WHAT THE TASK ASKS: The output should be every line below, retyped exactly, with no images.

GIVEN DATA:
= = = = = = =

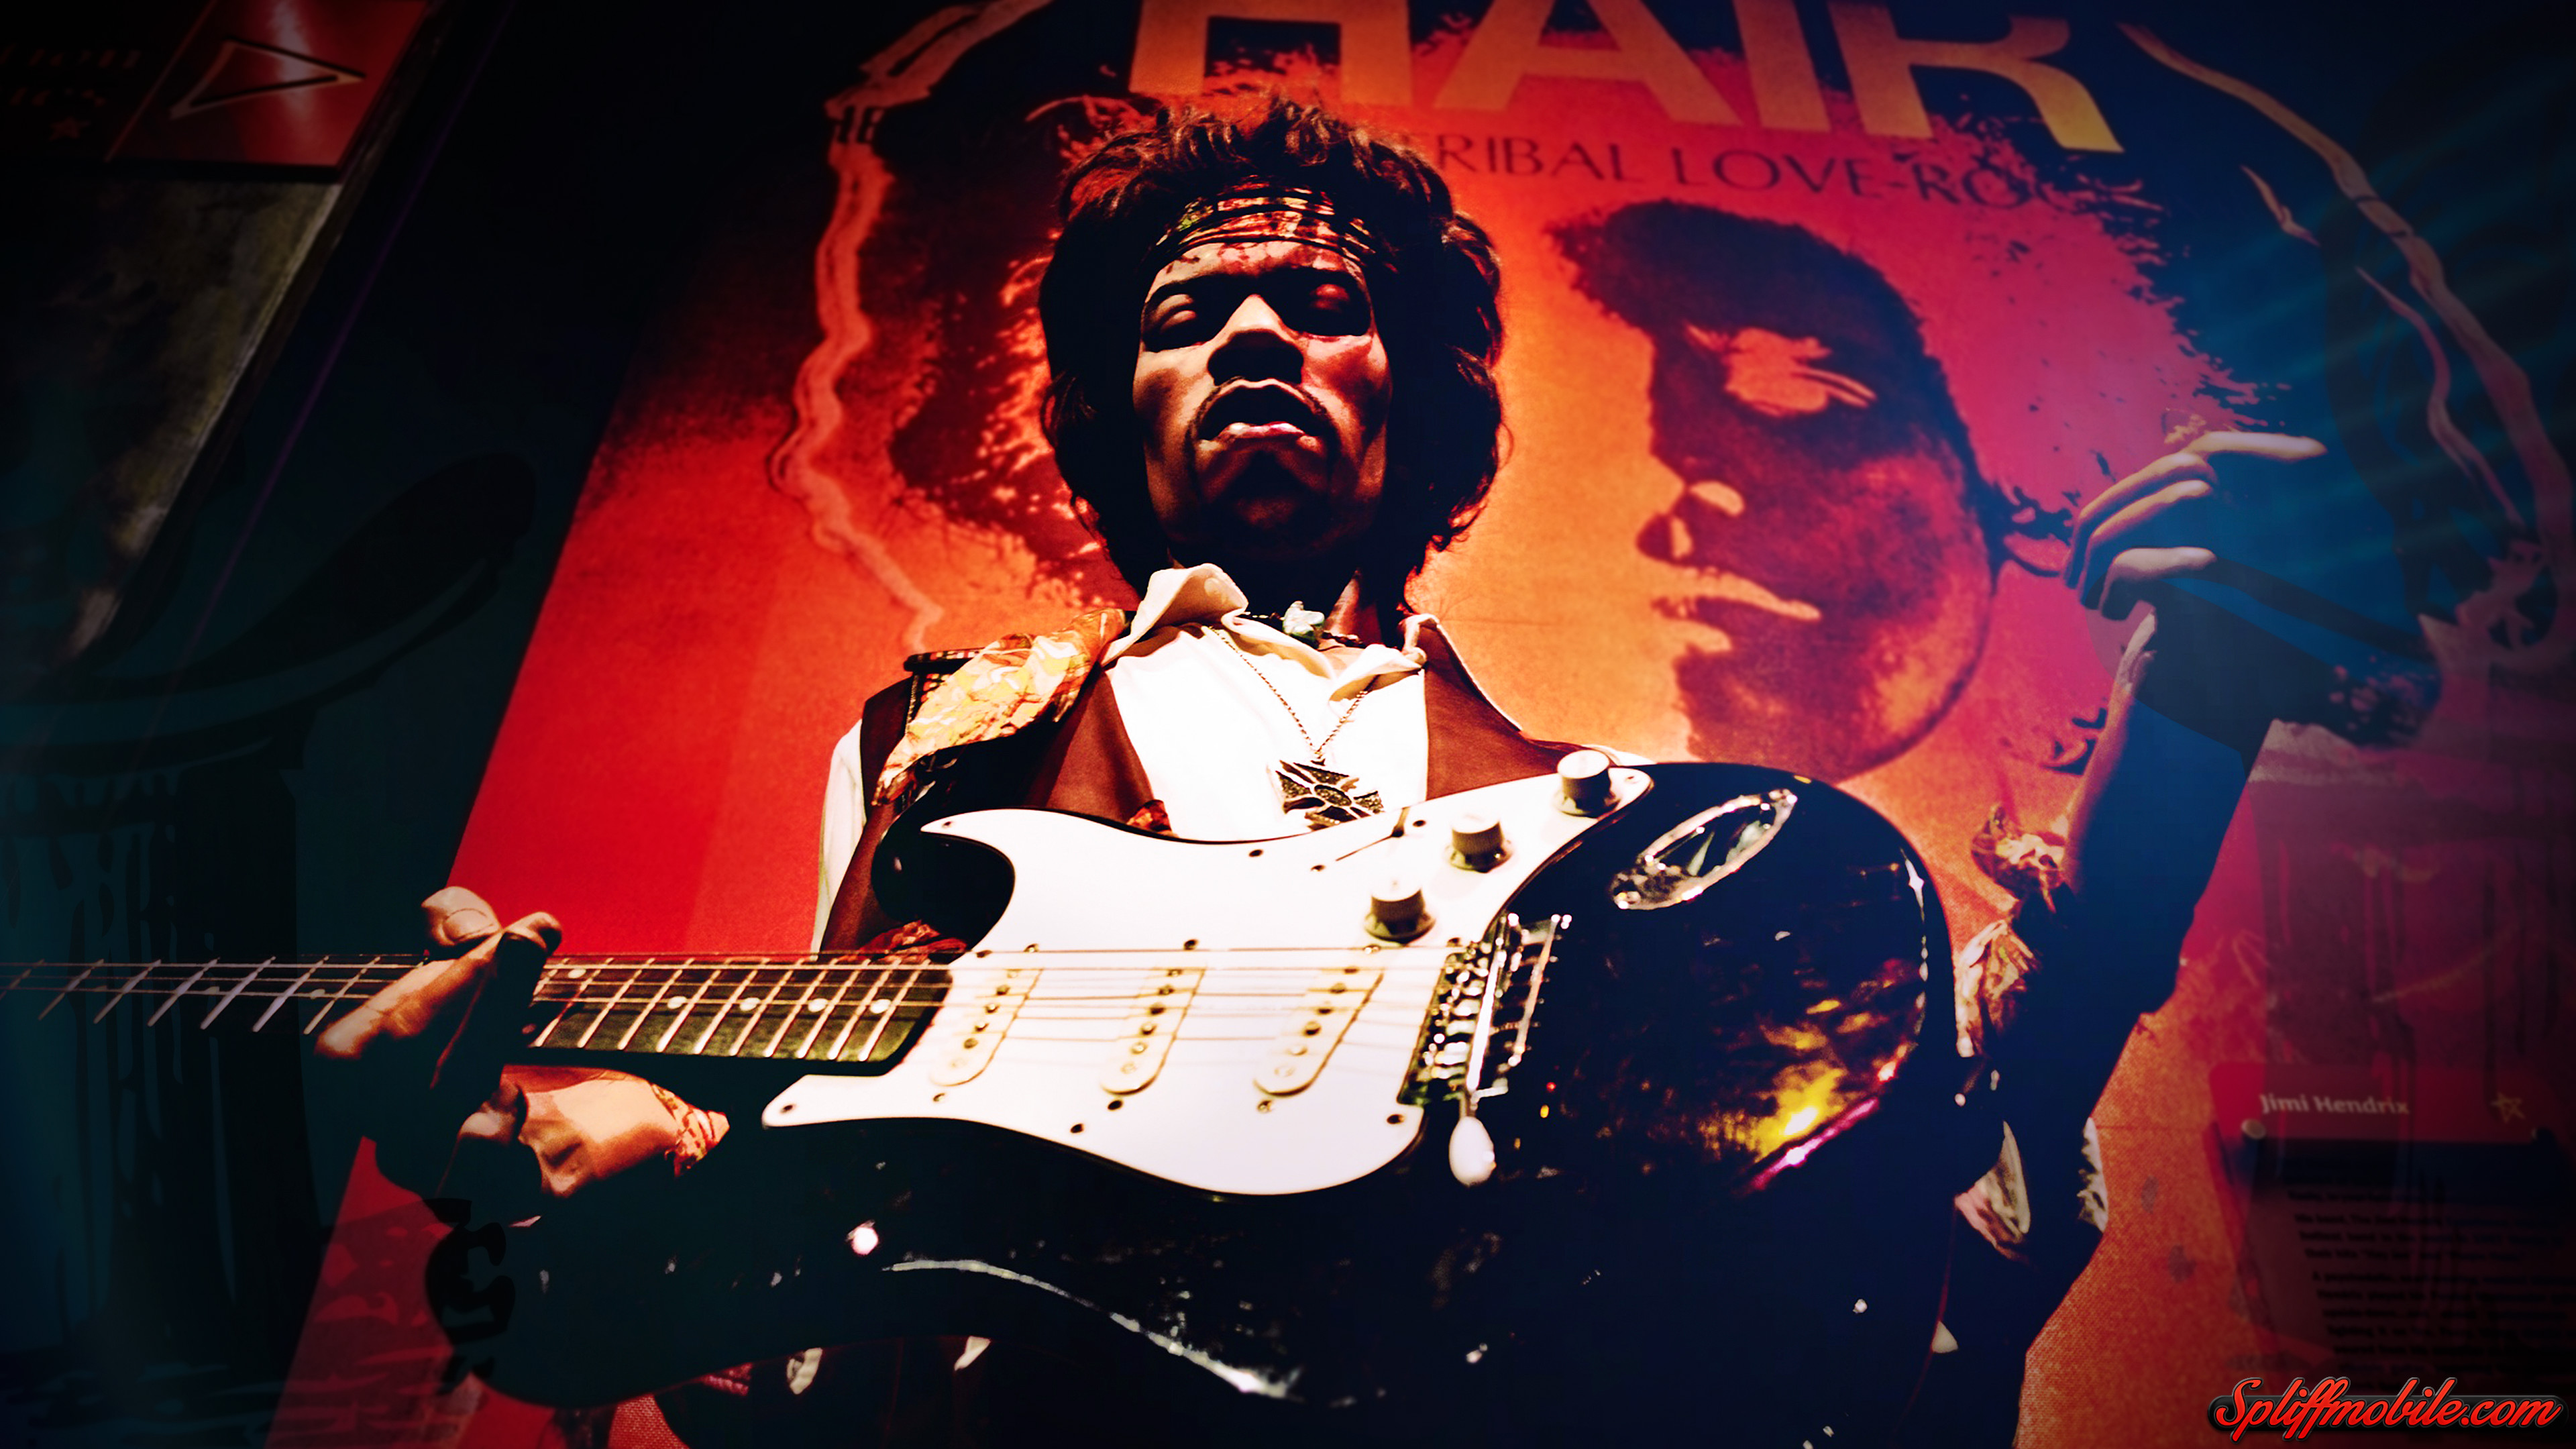 Jimi Hendrix Wallpaper (67+ images)
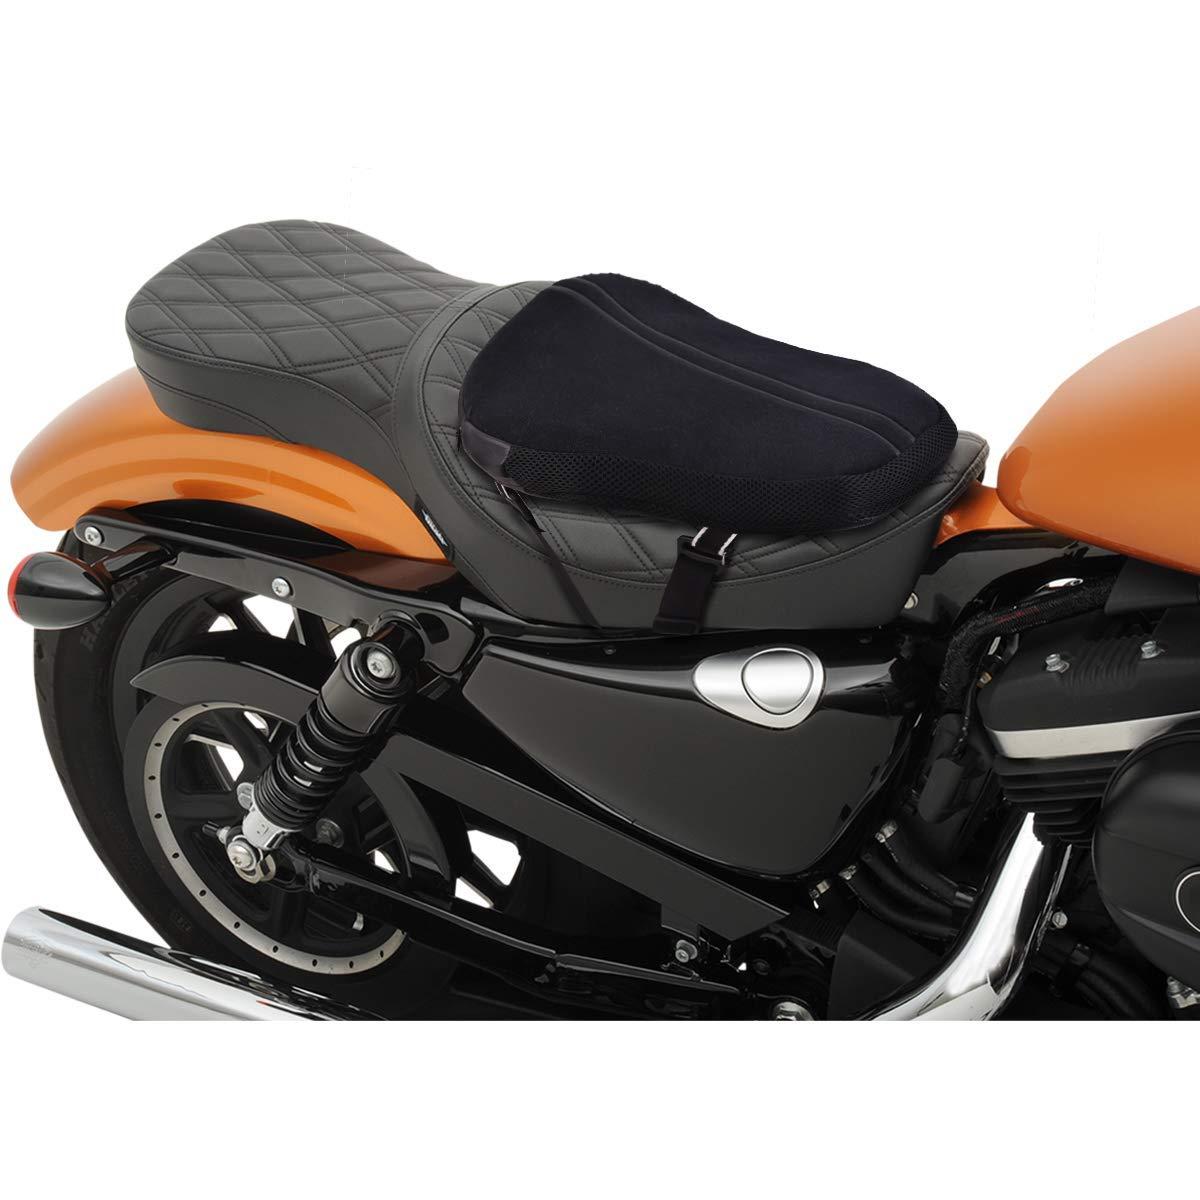 Coussin Selle Moto,Selle Moto S 29,2 x 22,9CM Universel Cruiser Si/ège Air Moto Coussin dair Moto pour Sport Touring pour Yamaha Honda Suzuki Kawasaki Ducati Aprilia Coussin de Moto
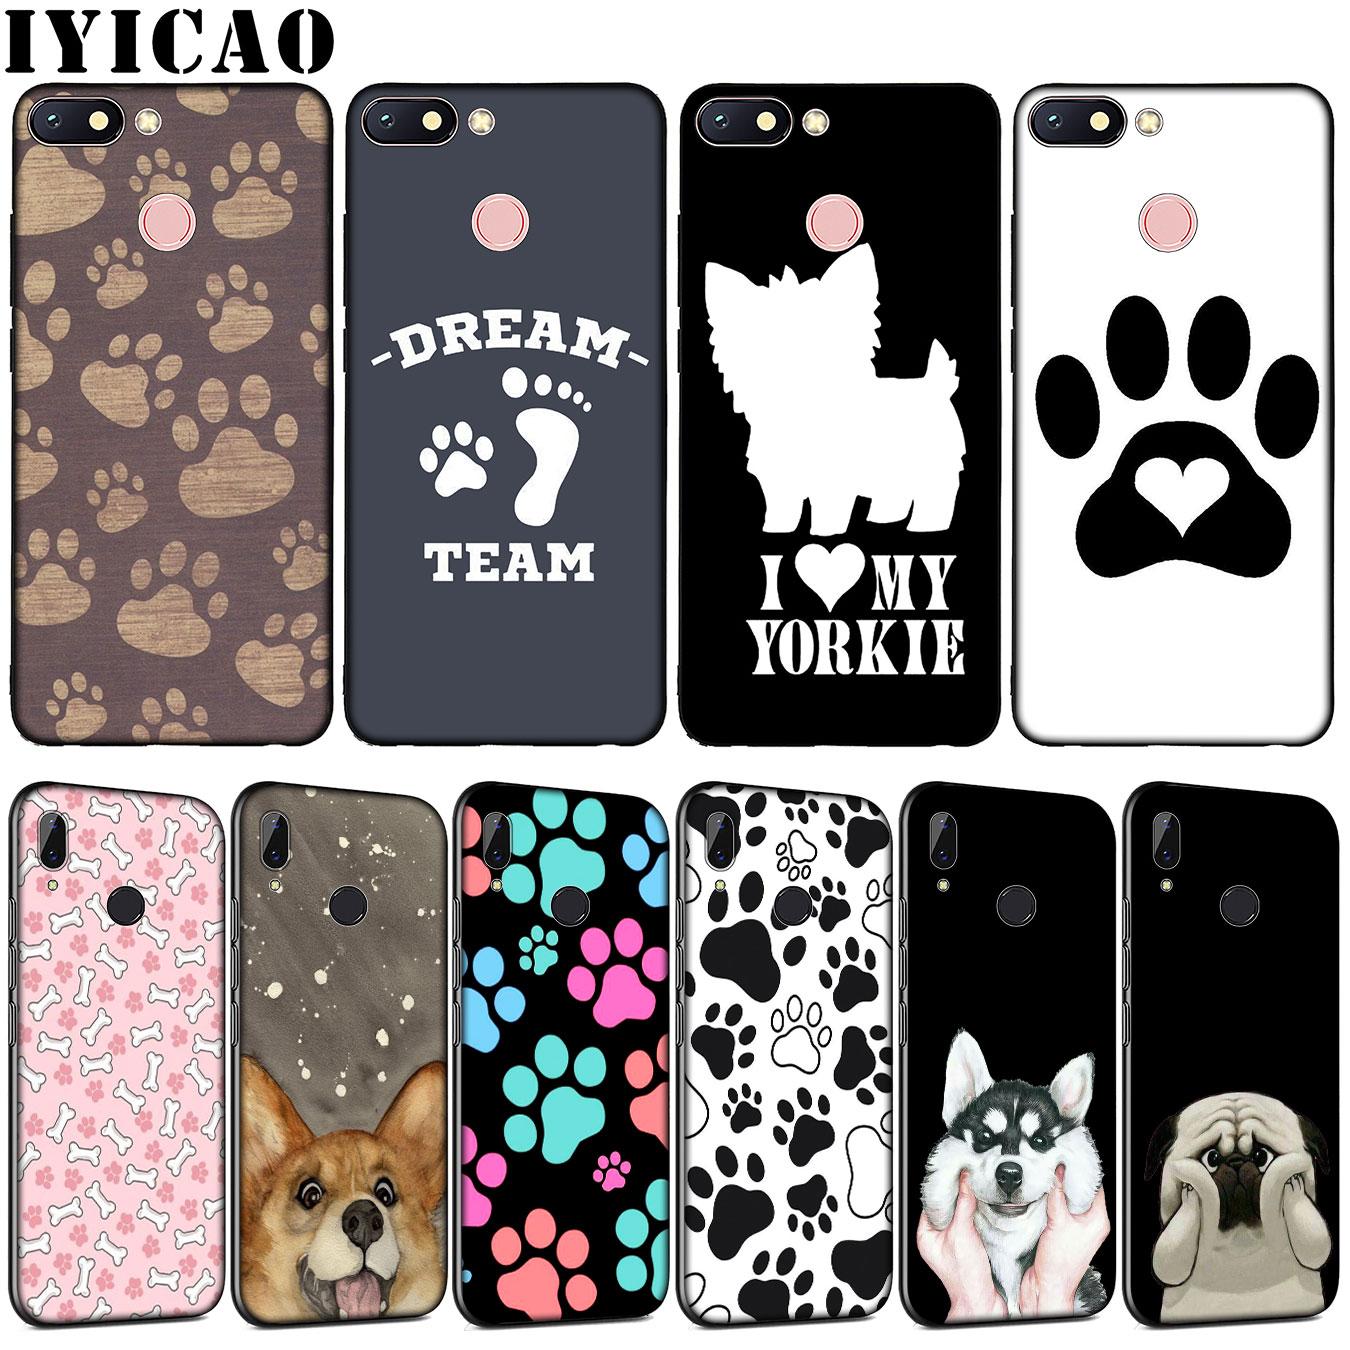 Dog Footprint Paw Cat Soft TPU Silicone Phone Case For Xiaomi Redmi Note 8 8A 8T 7 7A 6 6A 5 5A GO S2 K30 K20 Pro

= = = = = = =

EXERCISE ANSWER:
 Jimi Hendrix Wallpaper (67+ images)
 Coussin Selle Moto,Selle Moto S 29,2 x 22,9CM Universel Cruiser Si/ège Air Moto Coussin dair Moto pour Sport Touring pour Yamaha Honda Suzuki Kawasaki Ducati Aprilia Coussin de Moto
 Dog Footprint Paw Cat Soft TPU Silicone Phone Case For Xiaomi Redmi Note 8 8A 8T 7 7A 6 6A 5 5A GO S2 K30 K20 Pro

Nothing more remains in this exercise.